Seeking news from traditional sources—newspapers and magazines—has been replaced with a new model: getting all of one’s news from trending stories on social networks. The people that we know best are most likely to influence us because we trust them. Their ideas and beliefs shape ours. And the tech behind social networks is built to enhance this …
Once a user joins a single group on Facebook, the social network will suggest dozens of others on that topic, as well as groups focused on tangential topics that people with similar profiles also joined. That is smart business. However, with unchecked content, it means that once people join a single conspiracy-minded group, they are algorithmically routed to a plethora of others. Join an anti-vaccine group, and your suggestions will include anti-GMO, chemtrail watch, flat Earther (yes, really), and “curing cancer naturally” groups. Rather than pulling a user out of the rabbit hole, the recommendation engine pushes them further in. We are long past merely partisan filter bubbles and well into the realm of siloed communities that experience their own reality and operate with their own facts.
See also her posts on the digital Maginot Line.
Kate Starbird’s study of agents provocateur in online campaigns.
For a false binary, try Nick Cohen, Trump’s lies are not the problem. It’s the millions who swallow them who really matter:
Compulsive believers are not just rednecks. They include figures as elevated as the British prime minister and her cabinet. …
Mainstream journalists are almost as credulous. After decades of imitating Jeremy Paxman and seizing on the trivial gaffes and small lies of largely harmless politicians, they are unable to cope with the fantastic lies of the new authoritarian movements. When confronted with men who lie so instinctively they believe their lies as they tell them, they can only insist on a fair hearing for the sake of “balance”. Their acceptance signals to the audience the unbelievable is worthy of belief.
This is a shallow causal analysis; However, thinking about the credulity of people in power is interesting.
THE COMPROP NAVIGATOR >Welcome! This is an online resource guide for civil society groups looking to better deal with the problem of disinformation. Let us know your concerns and we will suggest resources, curated by civil society practitioners and the Project on Computational Propaganda. gear
The previous organisation I found via Data Skeptic Podcast’s Fake News Series
An amusing portrait of snopes
Unfiltered news doesn’t share well, not at all:
- It can be emotional, but in the worse sense; no one is willing to spread a gruesome account from Mosul among his/er peers.
- Most likely, unfiltered news will convey a negative aspect of society. Again, another revelation from The Intercept or ProPublica won’t get many clicks.
- Unfiltered news can upset users’ views, beliefs, or opinions.
Tim Harford, The Problem With Facts:
… will this sudden focus on facts actually lead to a more informed electorate, better decisions, a renewed respect for the truth?

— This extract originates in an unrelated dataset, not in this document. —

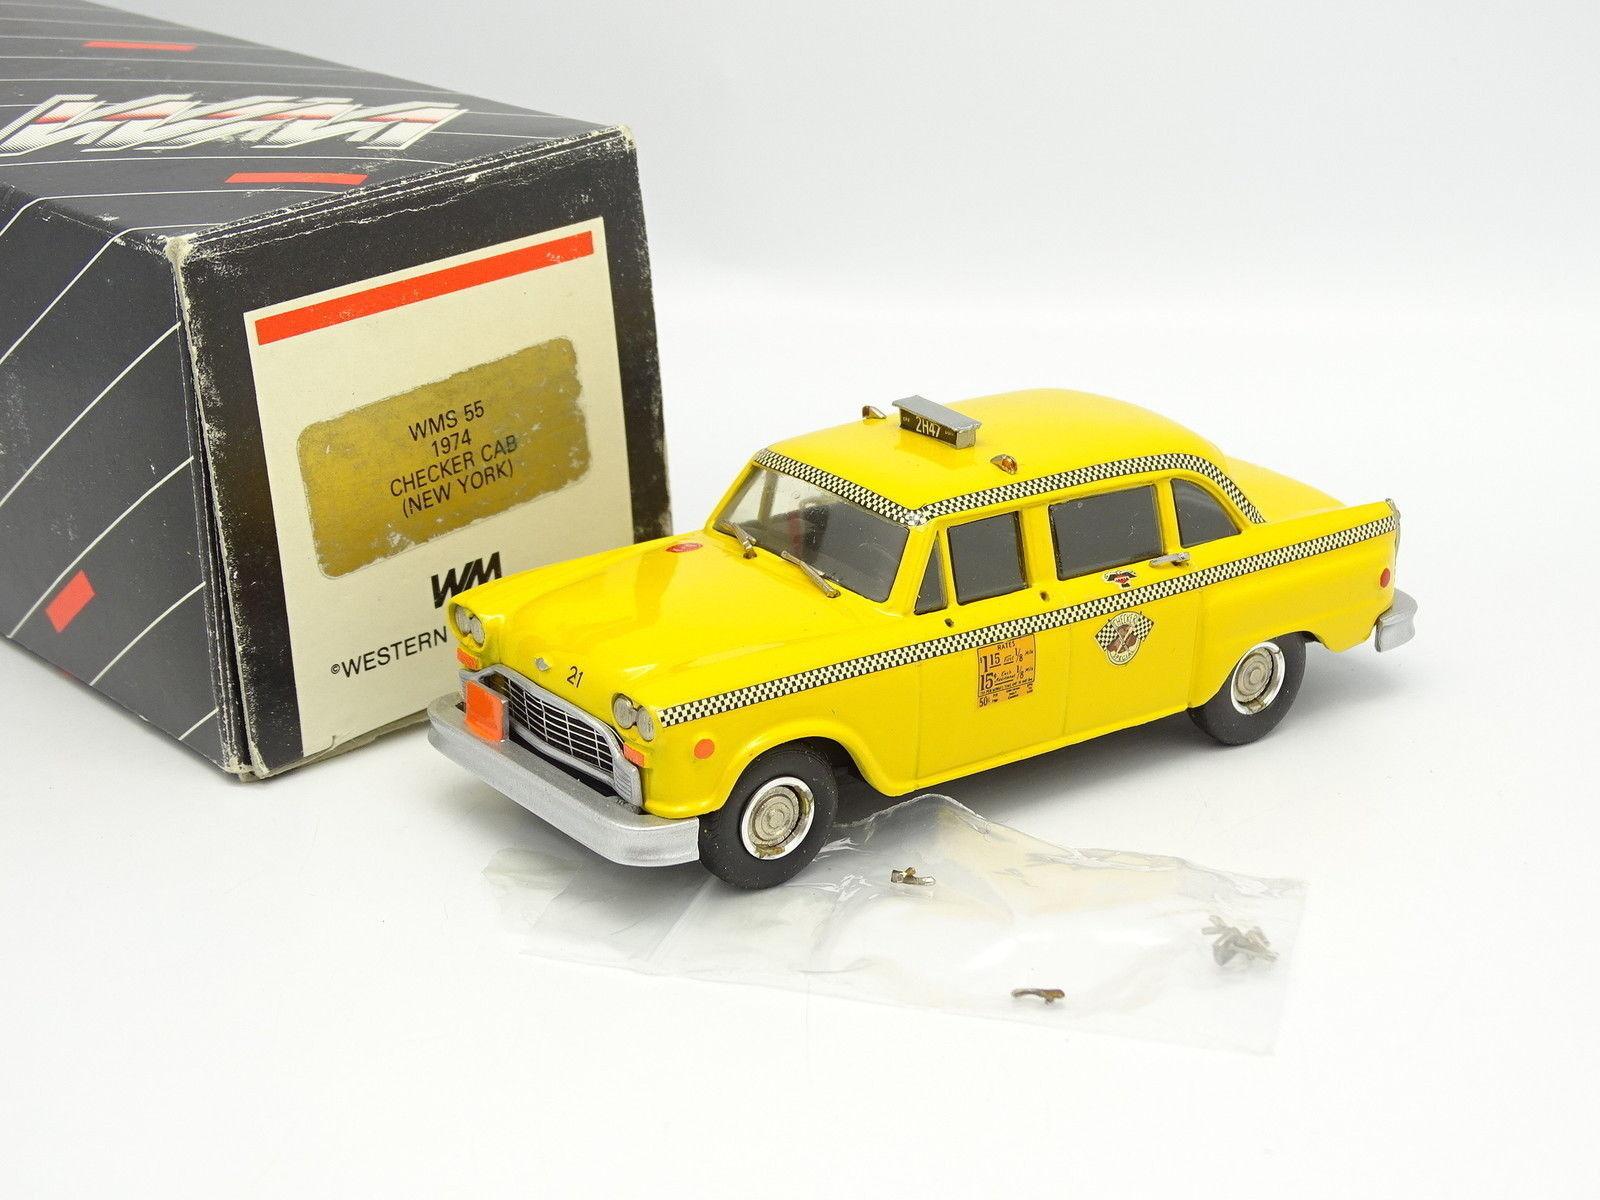 Écrasons l'oeuf d'or avec le pouvoir d'achat groupé. Western Models 1/43 Checker Cab Taxi New York 1974 | En Ligne

The history of tobacco suggests not. The link between cigarettes and cancer was supported by the world’s leading medical scientists and, in 1964, the US surgeon general himself. The story was covered by well-trained journalists committed to the values of objectivity. Yet the tobacco lobbyists ran rings round them.
In the 1950s and 1960s, journalists had an excuse for their stumbles: the tobacco industry’s tactics were clever, complex and new. First, the industry appeared to engage, promising high-quality research into the issue. The public were assured that the best people were on the case. The second stage was to complicate the question and sow doubt: lung cancer might have any number of causes, after all. And wasn’t lung cancer, not cigarettes, what really mattered? Stage three was to undermine serious research and expertise. Autopsy reports would be dismissed as anecdotal, epidemiological work as merely statistical, and animal studies as irrelevant. Finally came normalisation: the industry would point out that the tobacco-cancer story was stale news. Couldn’t journalists find something new and interesting to say?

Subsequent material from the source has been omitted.